Los escritos de acusación de la Fiscalía y de la Abogacía del Estado dejan una primera evidencia: los responsables del levantamiento contra el Estado responderán ante la Justicia. Un motivo para la satisfacción en un país en el que, históricamente, este tipo de hechos han desembocado en violentos enfrentamientos fratricidas. Y satisfacción también porque el cargo público deje de servir de escudo protector para todo, como ha ocurrido en otros casos durante muchos años. Porque saltarse la legislación y la Constitución no puede salir gratis, y muy especialmente cuando se tiene como especial obligación cumplirlas y hacerlas cumplir, como es el caso de los cargos públicos. Porque declarar la independencia de una parte del territorio es un delito claramente tipificado en el Código Penal, y nadie puede pretender que no se le aplique aquello que nos compromete a todos. Nada de esto puede quedar impune, porque es la esencia y fundamento de cualquier sociedad. Porque nadie ha sido acusado por poner unas urnas ni por su ideología o planteamientos políticos. Tal argumentación es una simple y manifiesta tergiversación de la realidad. Al margen del evidente derecho de los acusados a mixtificar las cosas en su intento de defenderse.
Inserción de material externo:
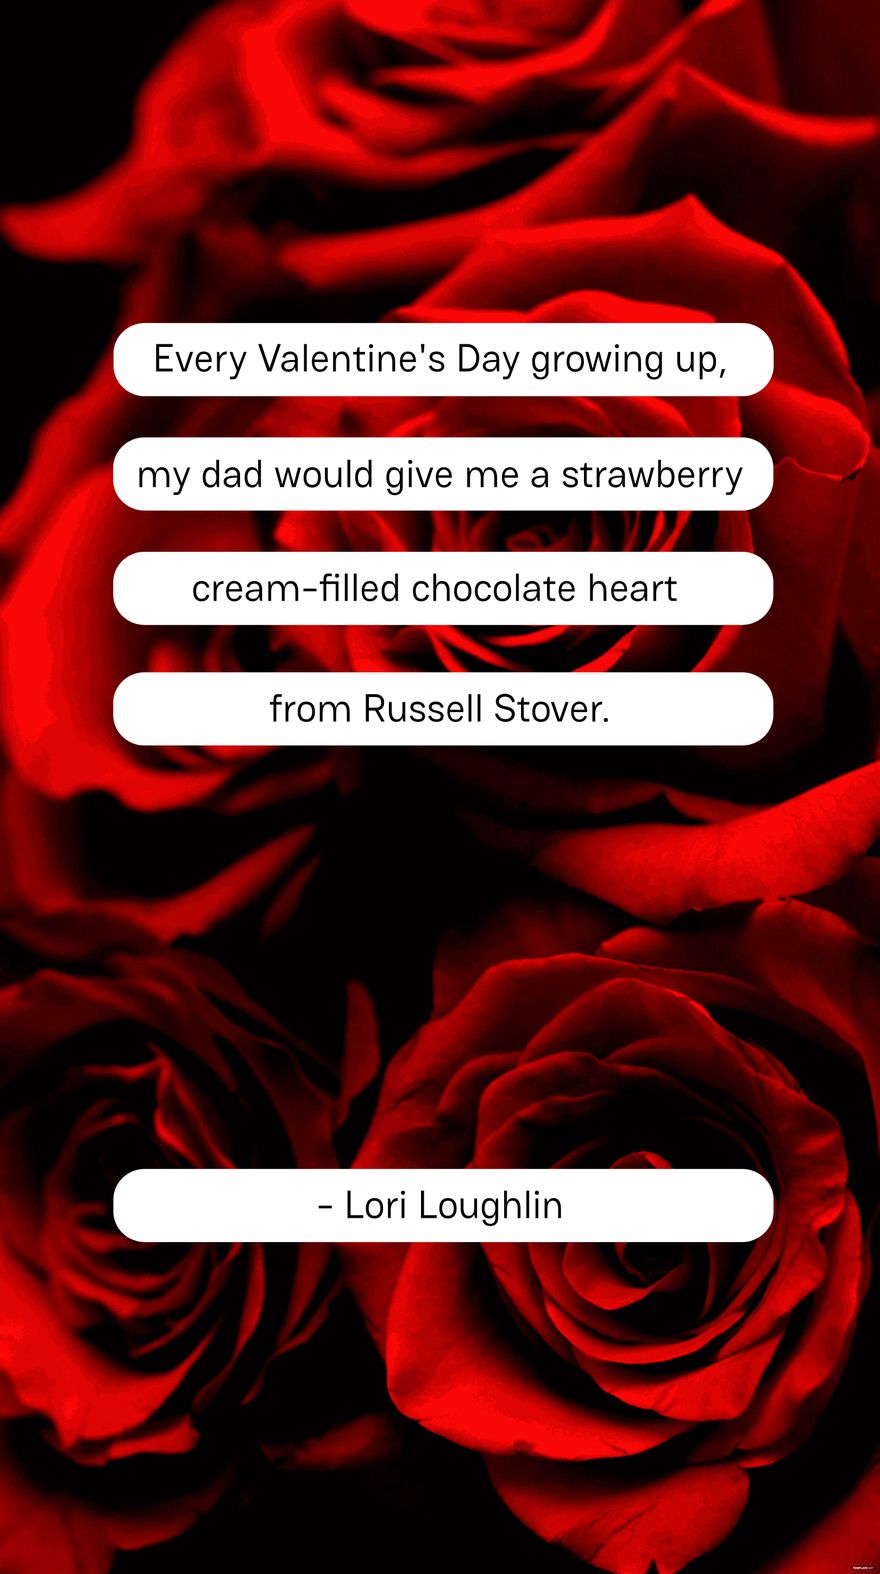 Free Lori Loughlin - Every Valentine's Day growing up, my dad would give me a strawberry cream-filled chocolate heart from Russell Stover. in JPEG

A partir de estos hechos básicos, surgen las discrepancias. Los relatos de la Fiscalía y de la Abogacía del Estado discrepan en un elemento fundamental: la interpretación de la violencia utilizada por los acusados para intentar quebrar el Estado. En términos legos, es seguro que habría acuerdo general en que como mínimo recurrieron a la presión en las calles y a la hostilidad ciudadana para intentar derrocar a los poderes del Estado. Y lo hicieron conscientes de que abrían la puerta, como mínimo, a episodios de enfrentamientos y violencia física. Como ocurrió en más de un caso. De acuerdo en esto, salvo quienes se empeñan en negar la realidad por interés personal o ideológico, surgen las diferencias en la calificación jurídica de la violencia. Y hay razones para defender tanto la postura de la Fiscalía como la de la Abogacía, porque se trata de un debate jurídico de enorme enjundia. De hecho, se trata del nudo gordiano de la causa y será el Supremo, no precisamente un tribunal cualquiera, el que decida. Y ni aun así zanjará el debate.
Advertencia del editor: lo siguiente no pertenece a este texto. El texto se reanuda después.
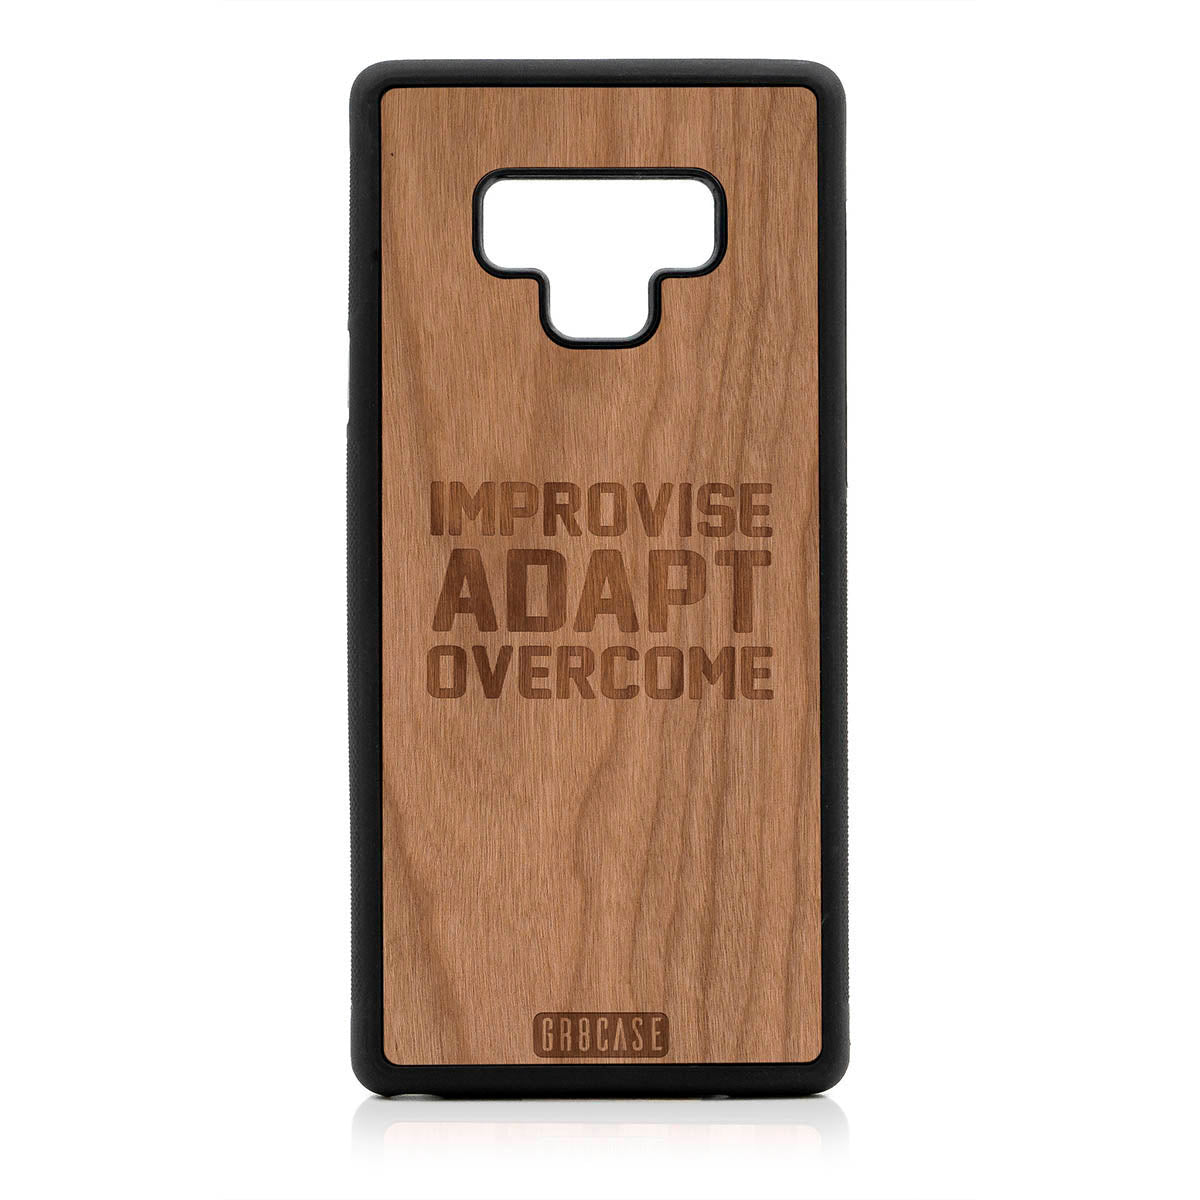 Improvise Adapt Overcome Design Wood Case For Samsung Galaxy Note 9

Lo malo es que la cuestión jurídica se ha trufado con cuestiones políticas. Los tribunales resolverán y lo harán respetando unos procedimientos que garantizan tanto el derecho de defensa de los acusados como la independencia judicial. Por mucho que desde la política, tan mal acostumbrada en este país a intentar meter mano donde no le corresponde, se intente condicionar a los magistrados. Mal, muy mal ha hecho el Gobierno al insistir en declaraciones sobre asuntos que corresponde decidir a los jueces. O al indicar el camino para la rectificación de la Abogacía del Estado. Y que ningún letrado ponga su firma al escrito entregado en el Supremo es toda una acusación implícita al Ejecutivo. Pero la sobreactuación de Pablo Casado acusando de complicidad delictiva a Pedro Sánchez y hasta a Susana Díaz, utilizando una vez más la crisis catalana como arma arrojadiza por interés electoral, es también una dañina desmesura. El PP ha convertido la condena por rebelión en una verdad absoluta que prejuzga y coacciona igualmente a los tribunales. Y los independentistas podrán volver a presionar en la calle, podrán hundir al Gobierno, pero nunca conseguirán lo que pretenden, aunque sigan amenazando. Para reconducir el asunto hacia el terreno político es premisa indispensable que renuncien a la vía delictiva, que se comprometan con la Constitución. Y sería bueno para España que cesara el actual nivel de hostilidad política.